- Directed by: Lew Landers
- Screenplay by: Jack Pollexfen Aubrey Wisberg
- Produced by: Jack Pollexfen Aubrey Wisberg
- Starring: Anthony Dexter Jody Lawrance
- Cinematography: Ellis W. Carter
- Edited by: Fred R. Feitshans Jr.
- Music by: Albert Glasser
- Color process: Pathécolor
- Production company: Edward Small Productions
- Distributed by: United Artists
- Release date: November 20, 1953;
- Running time: 76 minutes
- Country: United States
- Language: English

= Captain John Smith and Pocahontas =

1953 film by Lew Landers

Captain John Smith and Pocahontas is a 1953 American historical Western film directed by Lew Landers. The distributor was United Artists. It stars Anthony Dexter, Jody Lawrance and Alan Hale.

While most scenes were filmed in Virginia's Blue Ridge Mountains region, exteriors were shot around Bronson Canyon. It depicts the foundation of the Jamestown Colony in Virginia by English settlers and the relationship between John Smith and Pocahontas. She married John Rolfe in real life. It is also known by the alternative title Burning Arrows. Regarded as a B movie, the film has gained a cult following.

==Plot==
Captain John Smith tells the story of Jamestown colony to the court of King James I. In 1607, the colonists have found more hardships than gold in Jamestown and Captain Wingfield is making plans to abandon the settlement. Smith, locked aboard the Godspeed, escapes and swims to the river bank. He warns the camp of an Indian attack. The colonists repel the first attack. The Indians fire burning arrows into the camp; then Smith orders John Rolfe to swim across the river and warn the ships. The settlers take cover during the second Indian attack which is repelled by cannon fire from the ships. Smith is elected as leader of the colony; and the settlers build a wooden stockade for protection. Rations are running out and it is discovered that the ships have gone. Smith goes on an expedition to make peace with Chief Powhatan where he meets Pocahontas briefly but is later captured by warriors. Before his execution, Pocahontas saves him. She is married to Smith to keep a peace between the settlers.

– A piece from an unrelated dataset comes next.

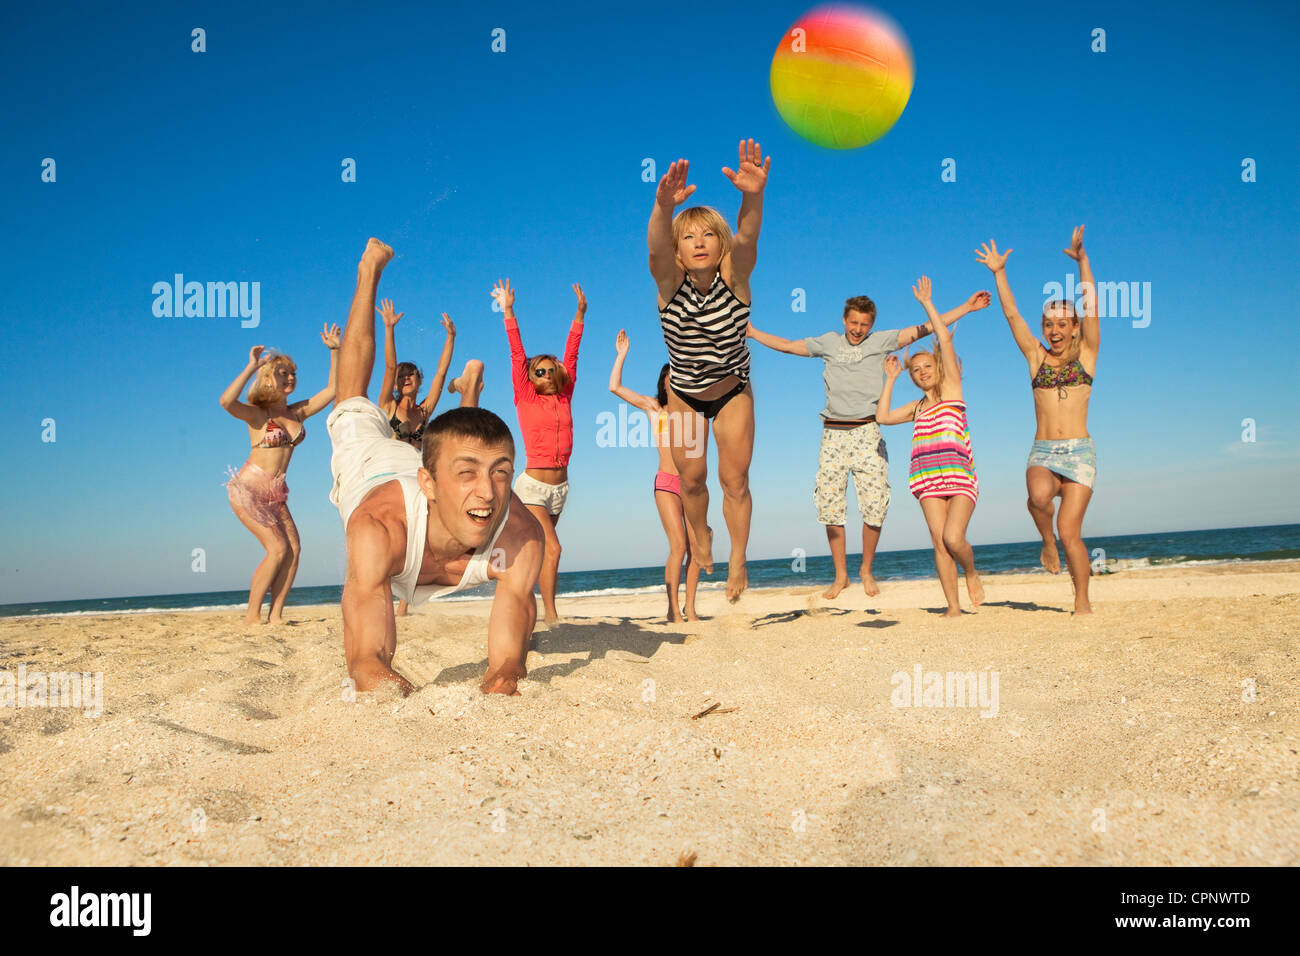 Grupo de jóvenes alegres juega al voleibol en la playa Foto de stock
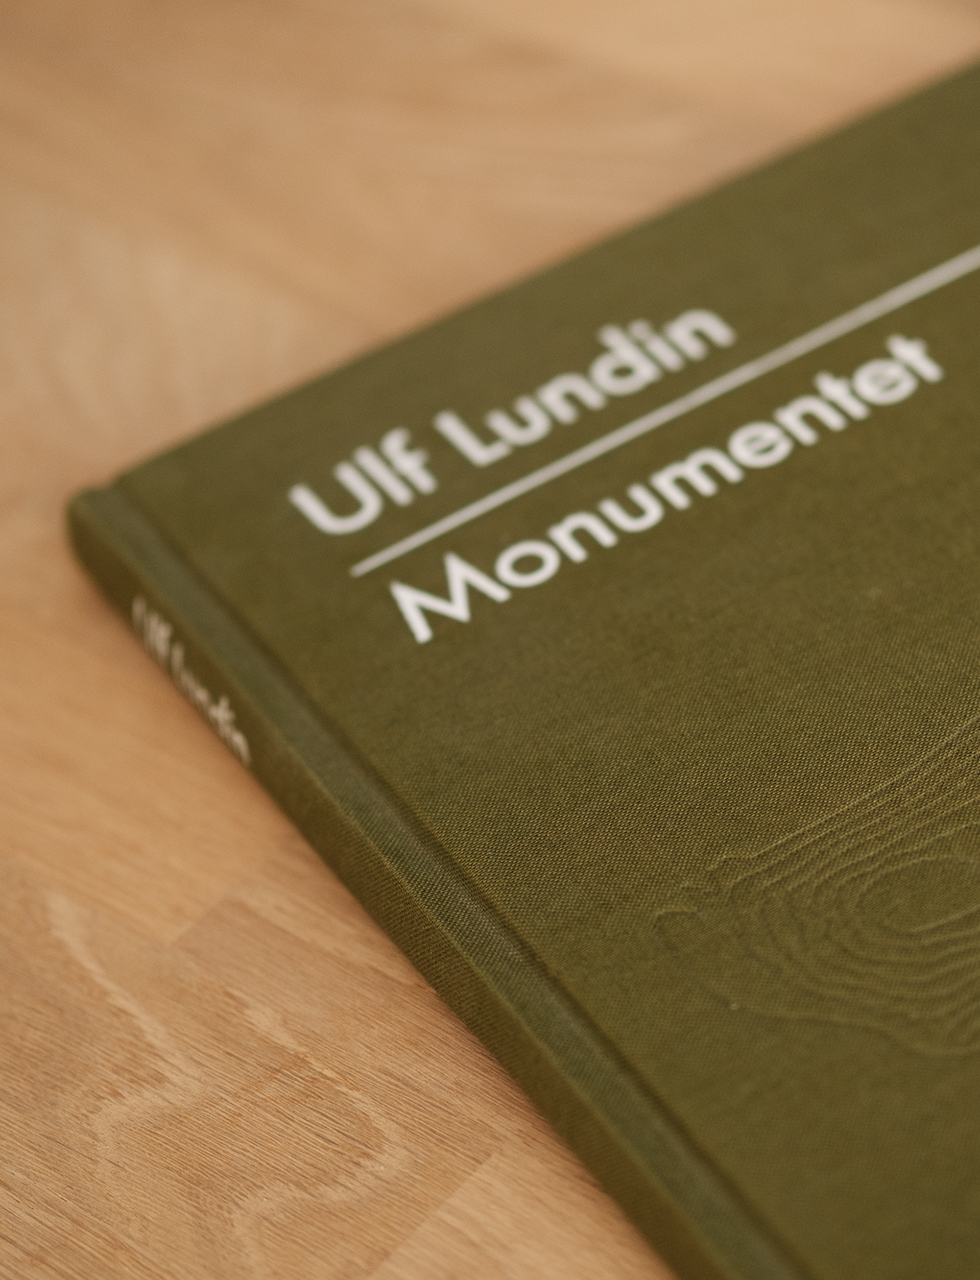 Boken Monumentet av Ulf Lundin.

The following day, a settler finds gold and tells Wingfield. He plans to fail the colony so that the gold will not be given to The Virginia Company. Smith returns with Indians who bring supplies and teach the colonists how to grow crops. The next day, Macklin spots Wingfield hiding gold and giving guns to Opechanco's warriors; but Turnbull kills him and Nataquas is blamed. Nataquas is lashed and given the blame for his death until Smith arrives. Wingfield tells Opechanco to attack and wipe out the colonists, but to spare himself. The colonists repel the attack; and amid the fight Turnbull is killed by an arrow. Opechanco kills Nataquas, who planned to tell Chief Powhatan, and Pocahontas runs to Jamestown and tells Smith. To avenge Nataquas, Smith decides to fight Opechanco and kills him. Wingfield kills Davis for the gold and sets the gunpowder storehouse on fire. Smith fights him and escapes from the hut as it explodes. The ships arrive and the doctor sends Smith to rest aboard the ship. Smith leaves Jamestown to sail back to England, leaving Rolfe in charge. After telling his story, Smith leaves the court of King James I. The film ends with the statue of Pocahontas in London.

"A great lady - a princess of her people"

==Cast==
- Anthony Dexter – Captain John Smith
- Jody Lawrance – Pocahontas (Matoaka)
- Alan Hale Jr. – Fleming
- Robert Clarke – John Rolfe
- Stuart Randall – Opechanco
- James Seay – Edward Maria Wingfield
- Philip Van Zandt – Davis
- Shepard Menken – Nantaquas
- Douglass Dumbrille – Chief Powhatan (Wahunsonacock)
- Anthony Eustrel – King James
- Henry Rowland – Turnbull
- Eric Colmar – Kemp
- William Cottrell – Macklin (uncredited)
- Francesca De Scaffa – Powhatan Maiden (uncredited)
- Joan Dixon – Powhatan Maiden (uncredited)
- Jack Kenny – Settler who Discovers Gold (uncredited)
- John Maxwell – Ship's Doctor (uncredited)
- Billy Wilkerson – Sub-Chief (uncredited)

==Release==
The film was issued on a double bill with The Steel Lady.

==Reception==

Due to the lower limit budget, the film proved to be unsuccessful both by critics and at the box office. Hal Erickson of AllMovie gave the film his lowest star rating.